2. Key Stretching (Password Strengthening): This technique increases the computational cost of hashing a single password, making both brute-force attacks and rainbow table generation much slower.

   Definition: Key Stretching A technique that involves repeatedly applying a cryptographic hash function (or a similar function) multiple times to the password (and salt) to generate the final hash. This intentionally increases the time and computational resources required to perform the hashing operation.

   Instead of hash(password + salt), stretching computes hash(hash(...hash(password + salt)...)), iterating hundreds or thousands of times.

   Why is this effective?

   • Increased Cost per Attempt: Each guess in a brute-force attack now takes significantly longer to hash. If a hash takes 1000 iterations, an attacker can perform 1000 times fewer guesses per second on the same hardware.
   • Increased Table Generation Cost: Similarly, building a rainbow table for a stretched hash takes vastly more time and computational power during the table generation phase, making it less practical to build large tables.
   • Minimal User Impact: The extra computation time (e.g., a few hundred milliseconds) is usually imperceptible to a user logging in, but it adds substantial overhead for an attacker trying to compute millions or billions of hashes.

   Modern, recommended password hashing schemes like bcrypt, scrypt, and Argon2 are designed to be slow and resistant to parallel processing (unlike fast hashes like MD5 or SHA-1), incorporating both salting and key stretching (or similar mechanisms). MD5-Crypt, an older standard, also incorporated iterations (a form of stretching) but is still based on MD5, which has other weaknesses.

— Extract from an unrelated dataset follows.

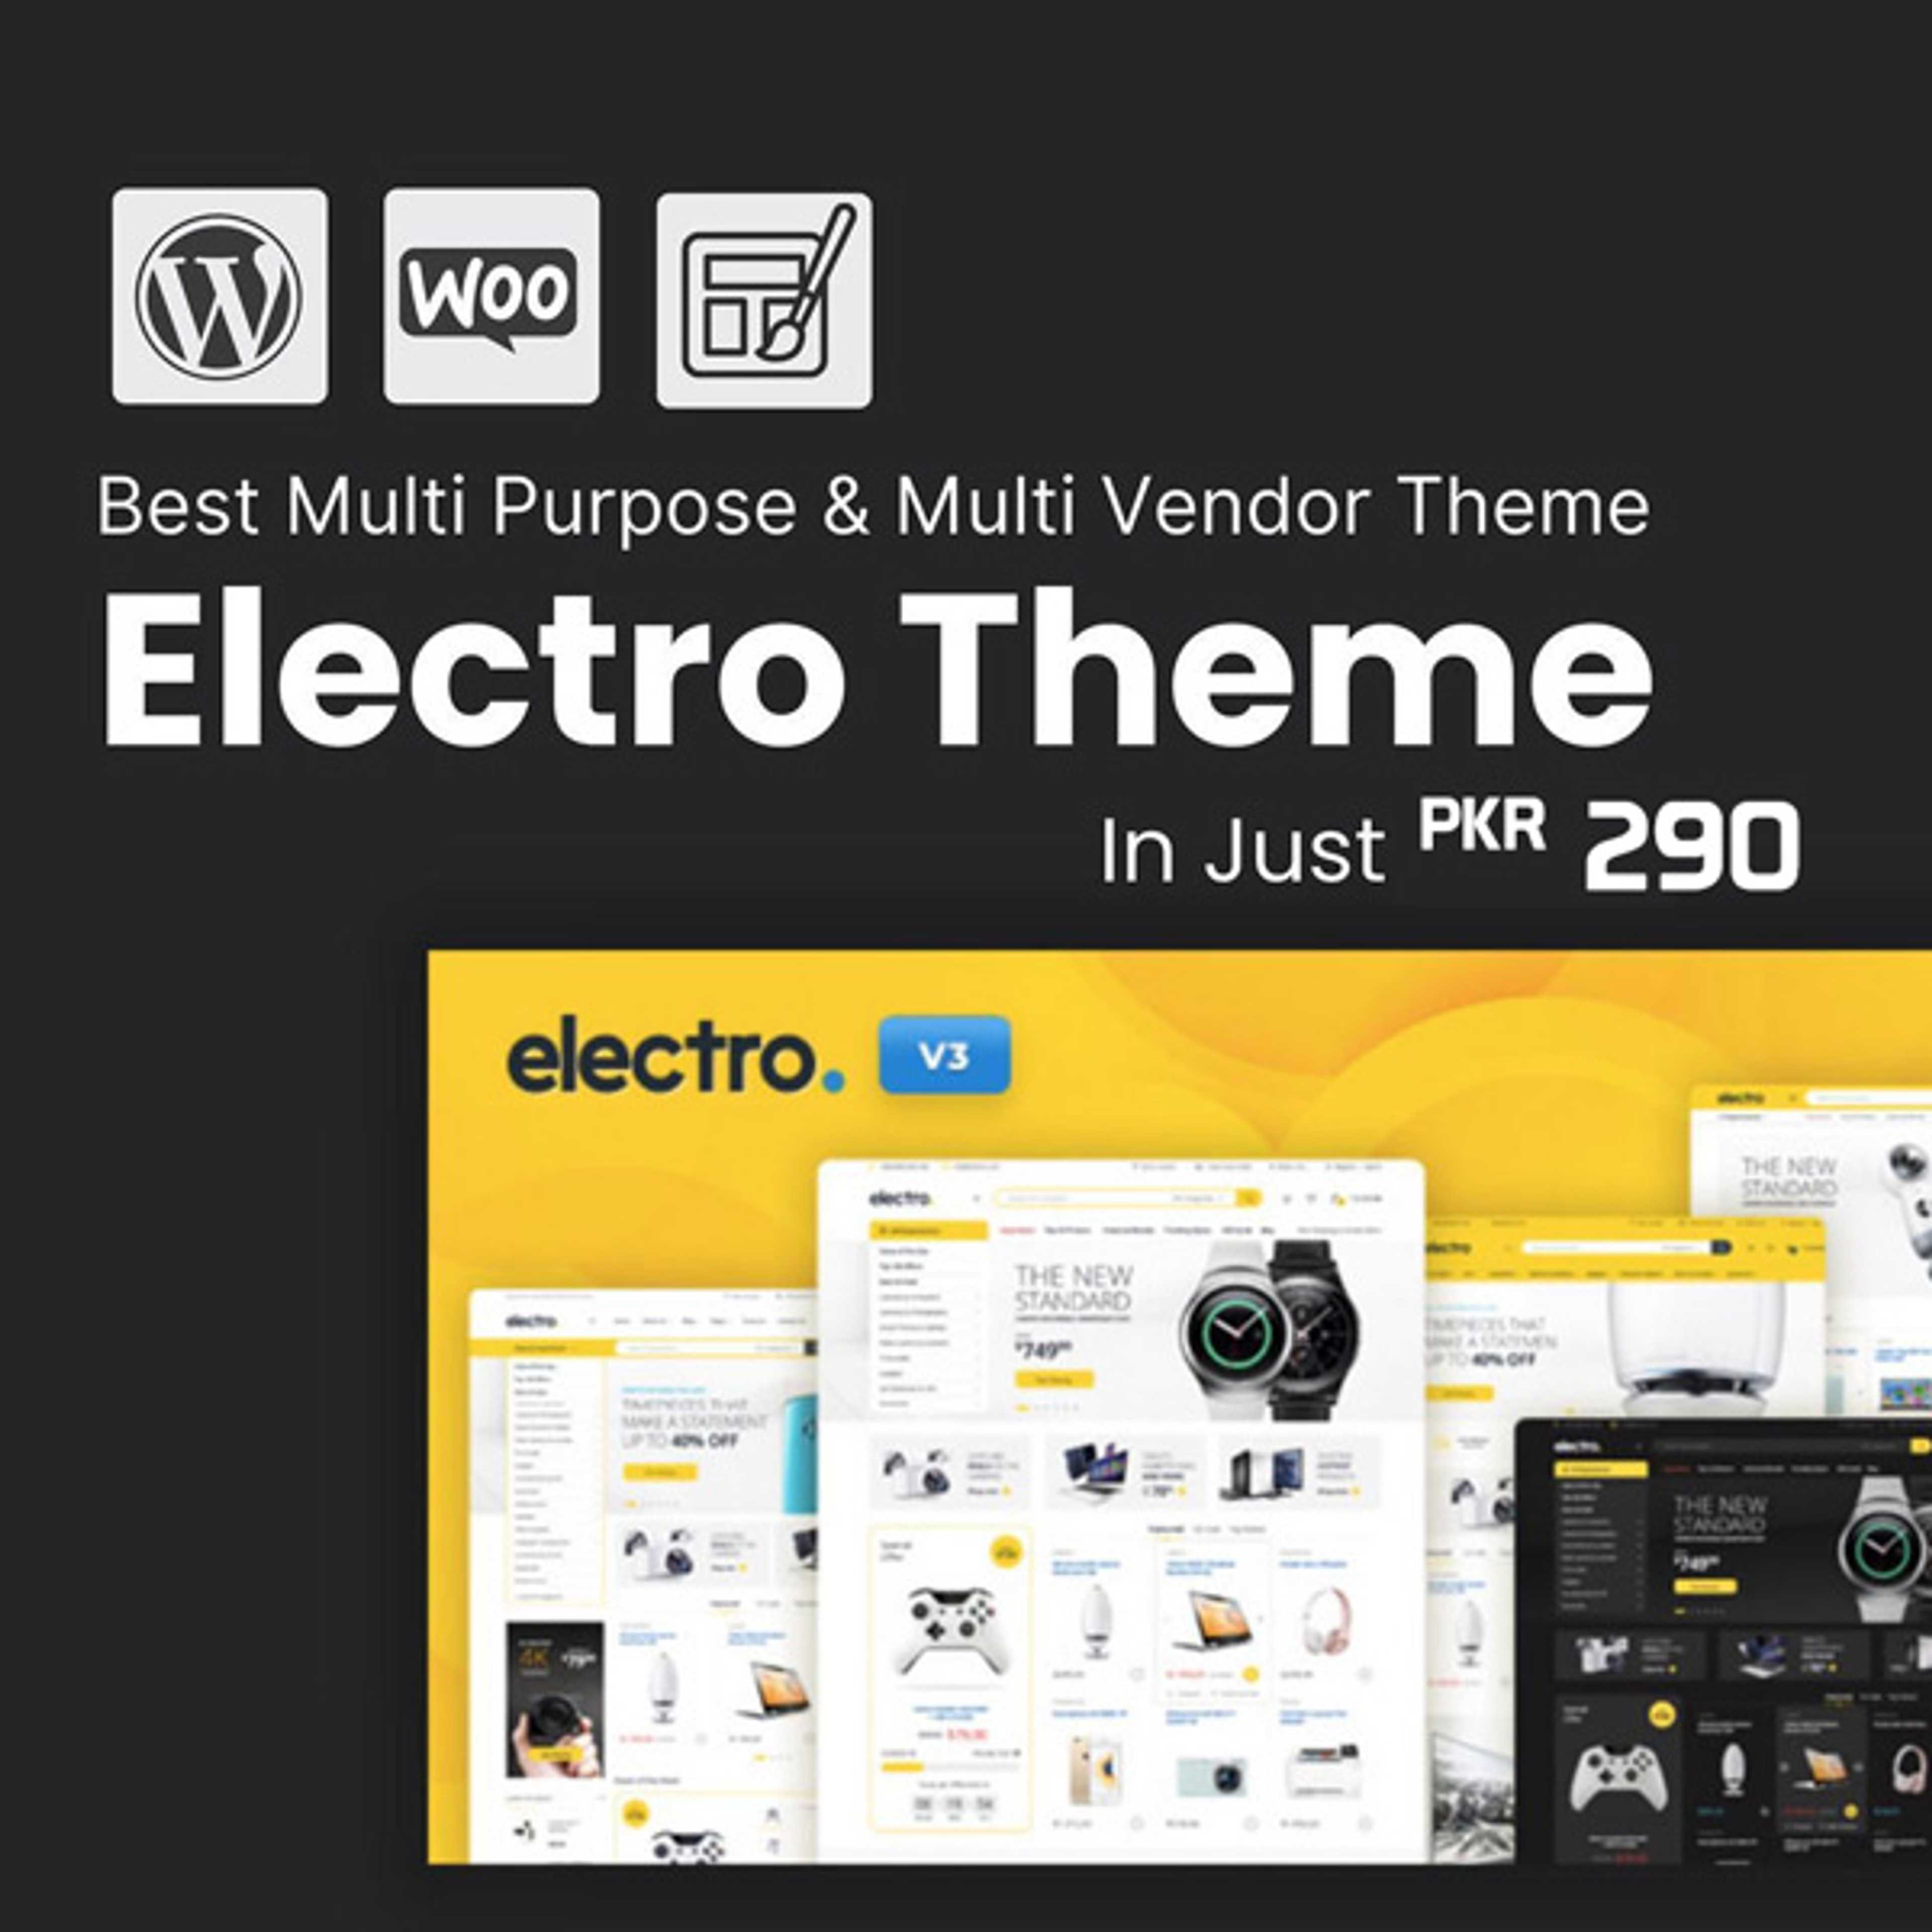 Electro Theme Best Multi Purpose and multi vendor theme

3. Password Complexity and Length: While not a direct cryptographic defense, encouraging users to choose longer and more complex passwords increases the size of the possible password space |P|. As seen in the formulas, a larger |P| requires a proportionally larger table L to maintain the same lookup speed t. Beyond a certain size/complexity threshold (which increases as computing power grows), generating comprehensive rainbow tables becomes computationally infeasible.

Rainbow tables remain a powerful tool against systems using older, unsalted, or fast hash functions. However, properly implemented salting and key stretching render them largely ineffective. Understanding the mechanics of rainbow tables reveals the importance of these modern password storage best practices. This knowledge empowers you, whether you're exploring offensive techniques or fortifying defenses, to appreciate the constant evolution of the digital security landscape.